Стиль и смысл. Кино, театр, литература - страница 26



Бунт против признания роли социальных обстоятельств, вытекающий из отрицания «неистинного» повседневного обывательского существования, является принципиальной иллюзией. Происходя в идеальной сфере, сфере вымысла и искусства, он парадоксальным образом приводит ко все тому же признанию зависимости. Делая вид, что он сбрасывает цепи социального детерминизма, такой бунтарь обрекает себя на положение раба космического хаоса. Он чувствует себя уже не жертвой презренных обстоятельств, – их он игнорирует, мысленно поставив себя в масштаб вселенной, – но трагическим страдальцем, претерпевающим ниспосланные судьбой неотвратимые несчастья «человеческого удела». Быть может, это для него почетнее, но рабское состояние не отменяется. Бунт оборачивается проповедью «amor Fati» («любви к судьбе», то есть фаталистического пессимизма), ницшеанским «трагическим дионисийством». В конечном итоге к такому же пониманию «театра жестокости» пришел в написанных позднее разделах своей книги и Арто, ставя знак равенства между жестокостью, жизнью и необходимостью. Жестокость он понимает как «аппетит к жизни», «усилие», «существование через усилие», «подчинение необходимости». Местом, где должно сообщаться подобное «трансцендентное ощущение жизни», Арто де лает театр, считая, что только там можно изменить людей, а себя объявляет его пророком.
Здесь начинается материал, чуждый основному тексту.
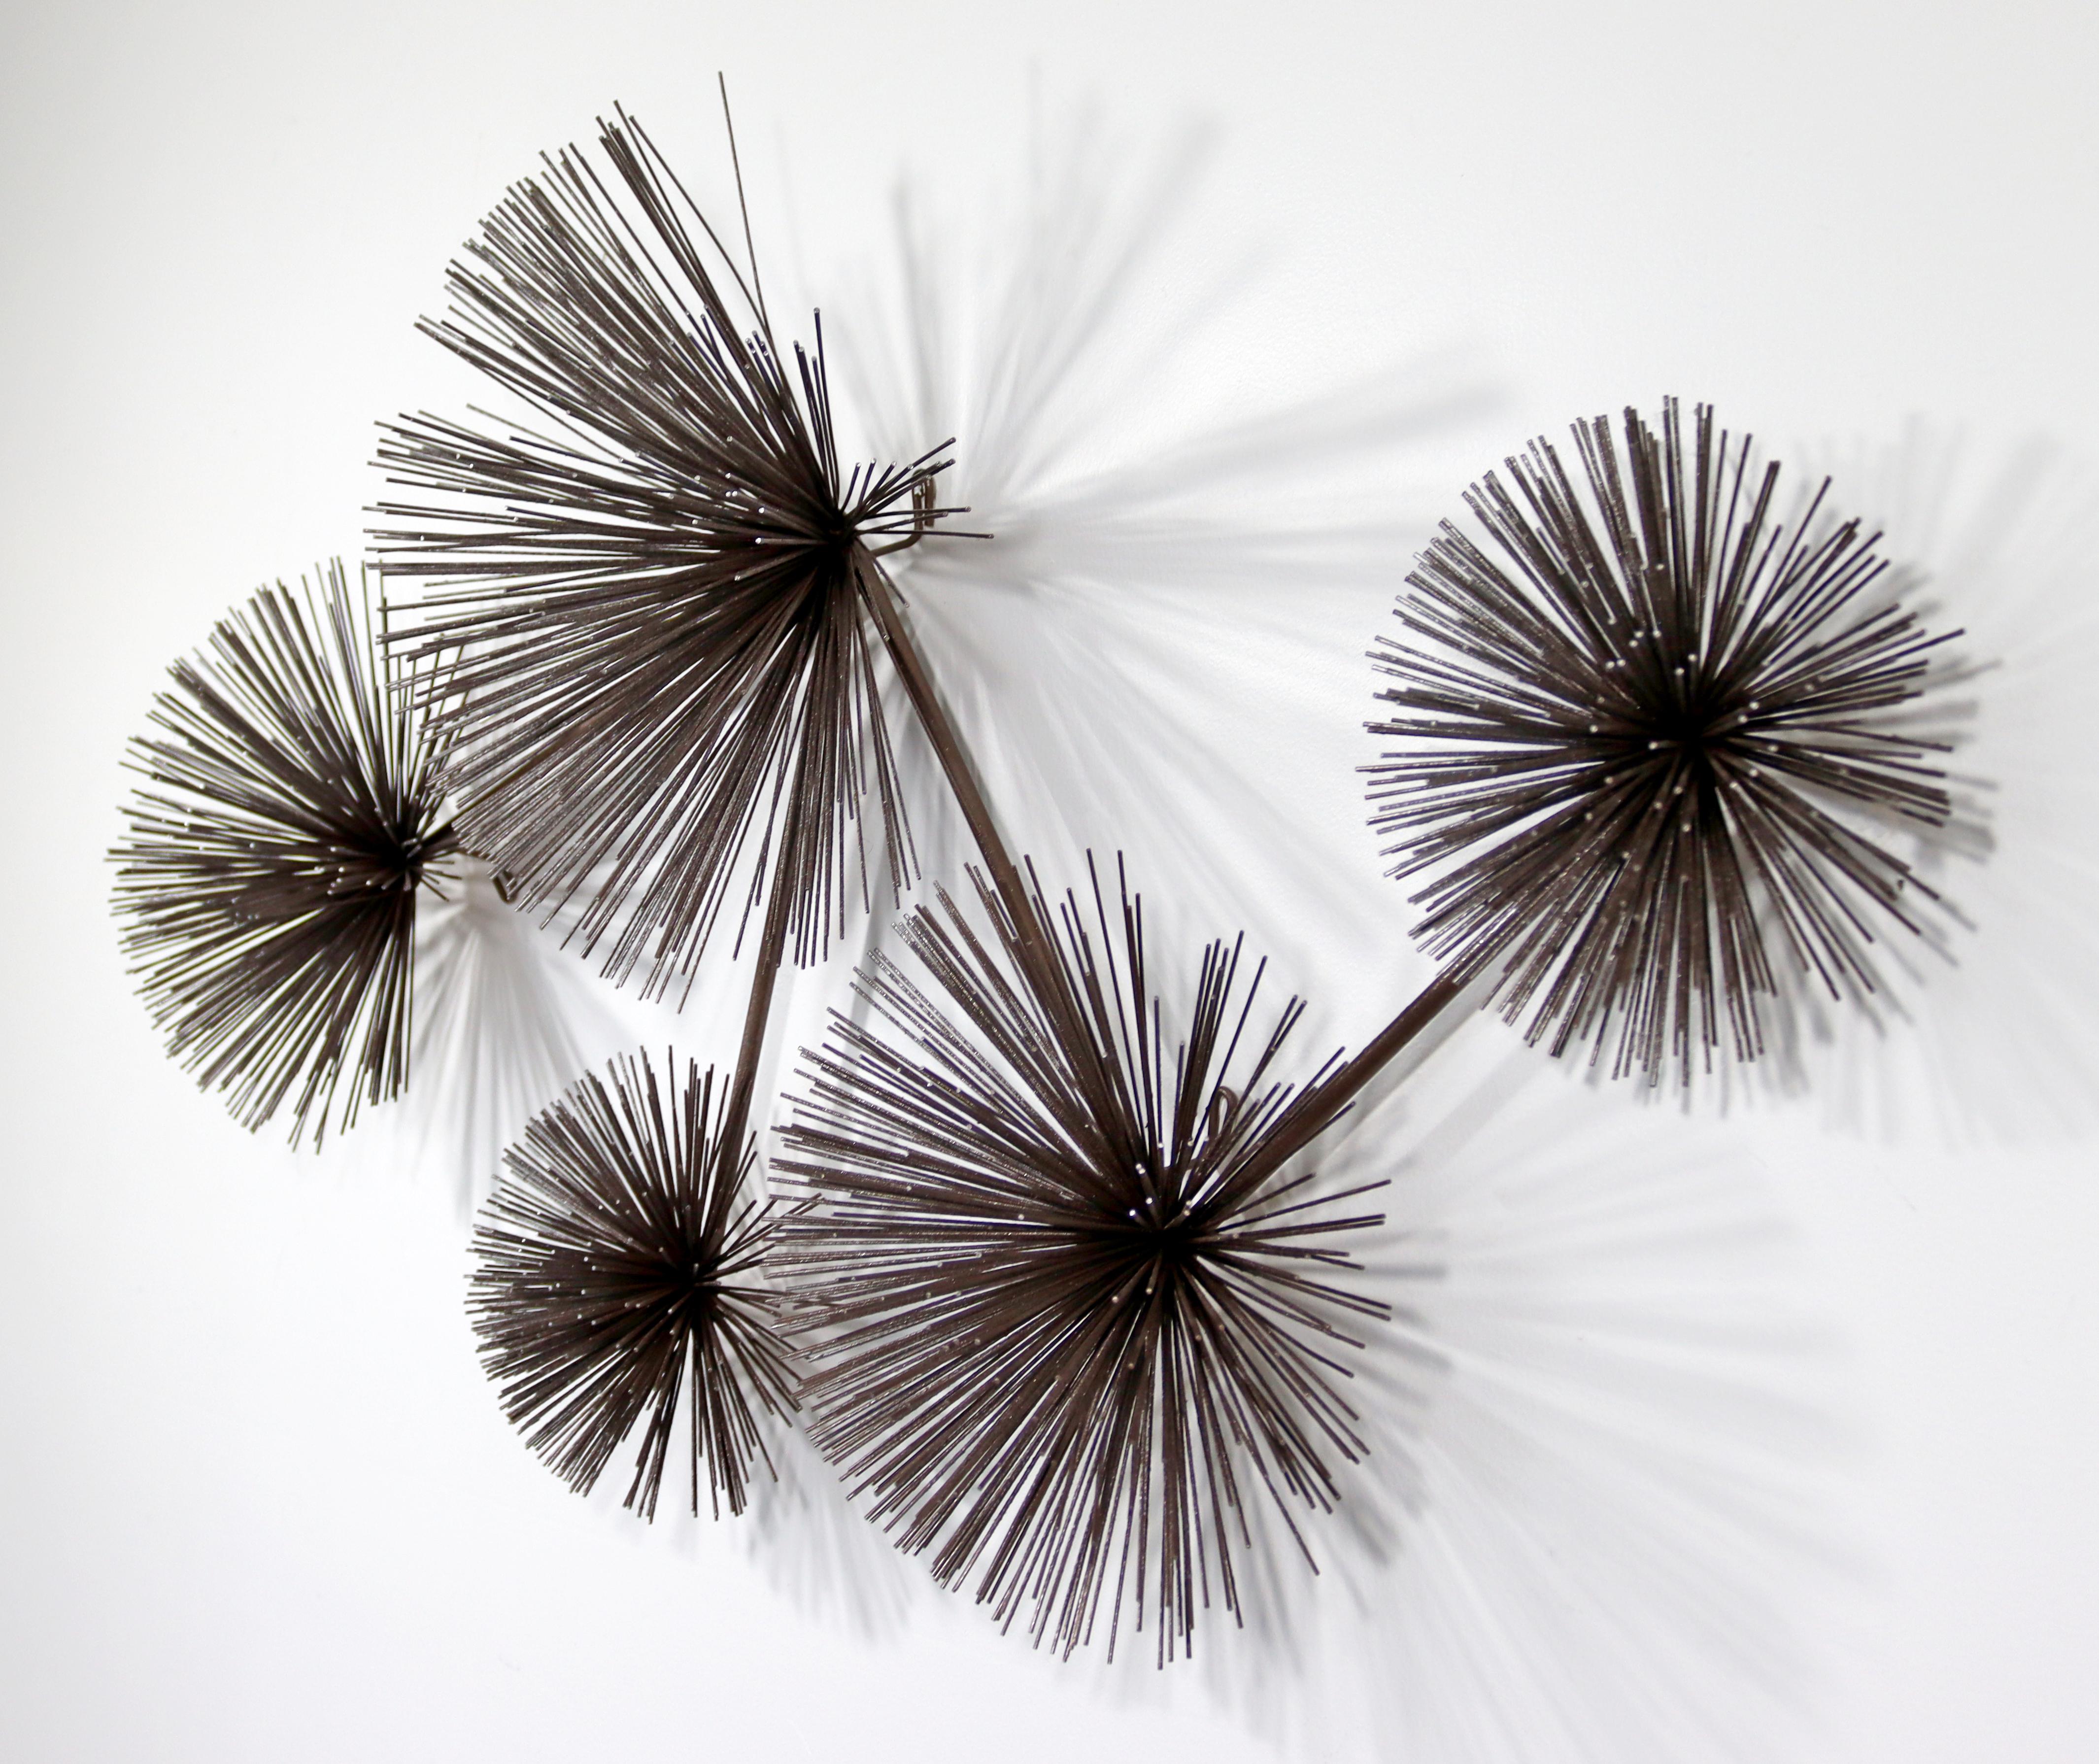 Late 20th Century Contemporary Modern Curtis Jere Gun Metal Wall Sculpture Poms 1980s For Sale
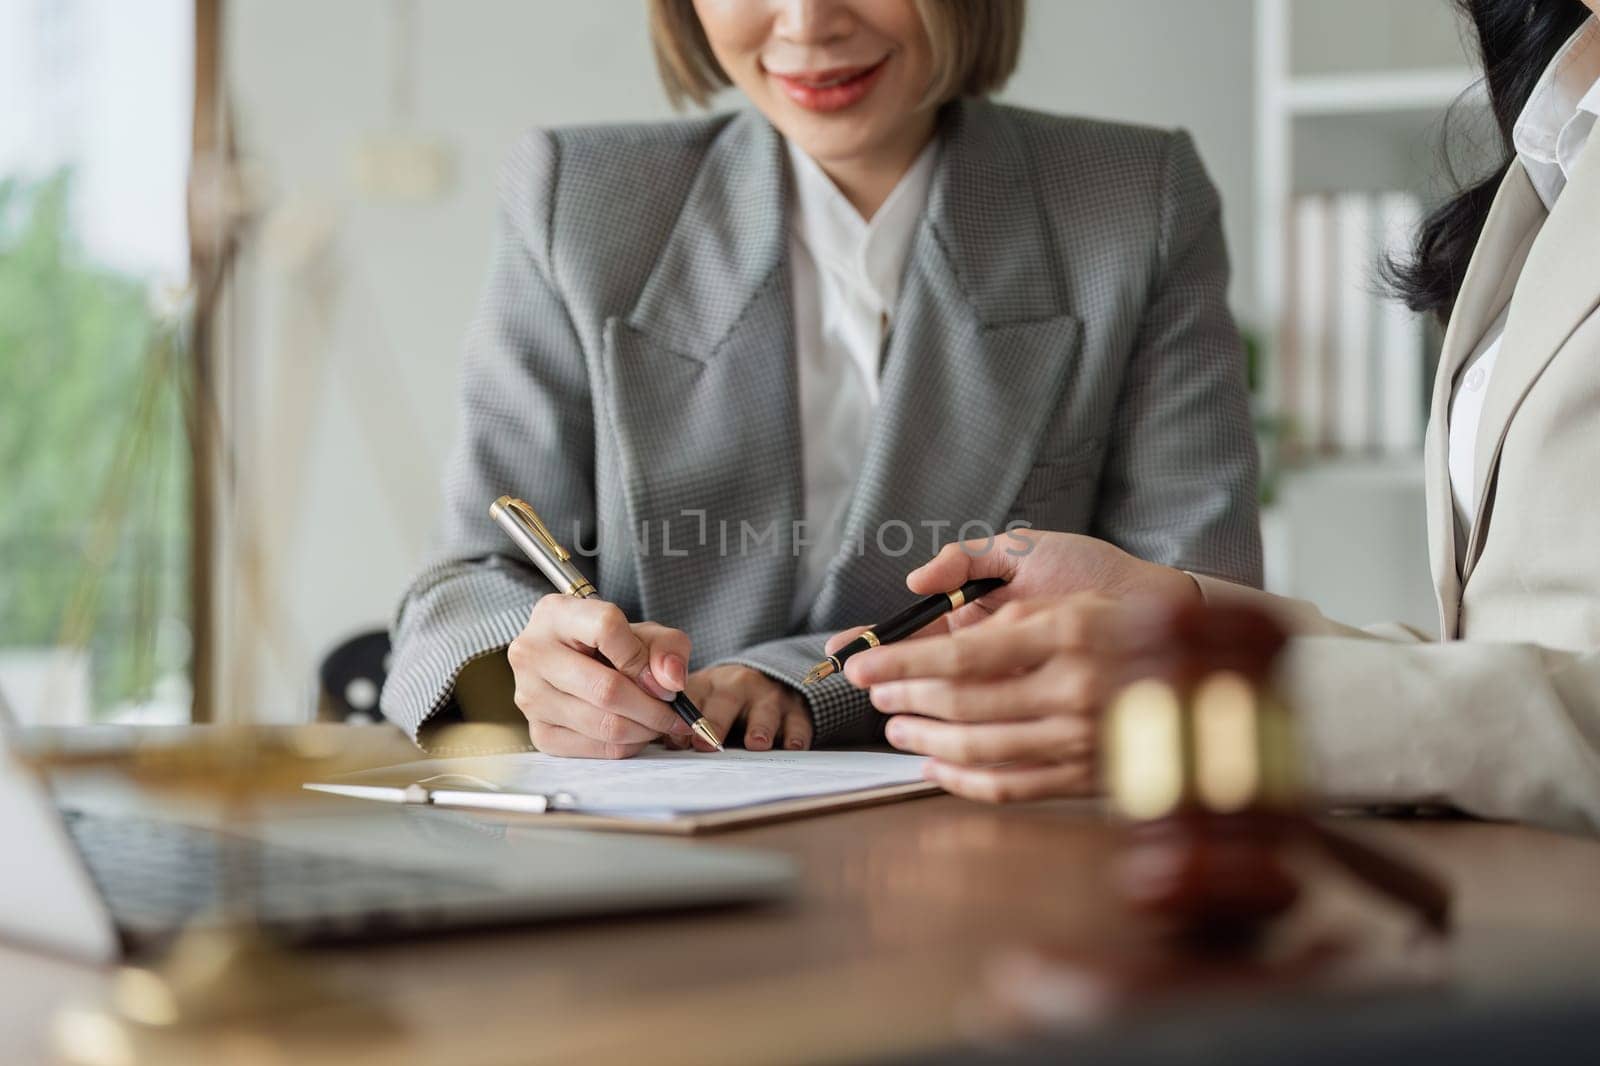 A woman is signing a document at a desk with a laptop and a chair. The woman is wearing a suit and is writing with a pen. The scene suggests a professional setting

Арто, следовательно, пытается решить проблему современной трагедии, которая оказалась лишенной почвы в результате осознания полной зависимости человека от социальных обстоятельств. (Золотой век трагедии нового времени остался позади с эпохой Возрождения, когда герой, не признавая справедливости, занявшей место античного Рока Истории, мог еще вступить с ней в единоборство.) Адресуя свой «театр жестокости» свободному от социально-психологического де терминизма «тотальному человеку», Арто хочет заставить его путем эмоционального потрясения ощутить всевластие стоящей над Историей Судьбы.

Как и большинство эстетических экстремистов, Арто не увидел полного воплощения своих видений о театре. Оказавшись ко времени войны в сумасшедшем доме, не смог он увидеть и того, как откликались на «зов судьбы», который дано было услышать «вождю», миллионы немцев, для которых разрушение было не ритуалом, но выполнением приказа, а пролитие крови – не дионисийским экстазом, но ежедневной работой. Проповедью иррационализма, демагогически использованной для борьбы с буржуазной демократией, давно вступившей в эпоху кризиса, национал-социализм прикрыл крайние фор мы весьма рациональной авторитарно-бюрократической системы, порожденной империализмом. Миф, вместо истории и реальности, утверждающей вечное и неизменное, использовался как средство оболванивания масс, которым «вожди» и пророки тут же подсовывали реальность, выгодную им и творимую ими.

Дело здесь отнюдь не в самом мифе и, следовательно, не в искусстве, на которое иногда взваливают грехи общественного бытия. Миф лишь соответствует структуре сознания, принципиально нацеленного на всякую веру, структуре, обусловленной общественным бытием. В результате содержание сознания проецируется вовне и закрепляется в определенных вещах, знаках или символах, разумеется, при отсутствии контроля над тем, соответствуют ли эти знаки действительности. Именно при отсутствии такого соотнесения знаки и символы становятся замкнутой в себе системой, заменяющей действительность и образующей мифическую реальность, которая для мифотворческого сознания является единственной и истинной.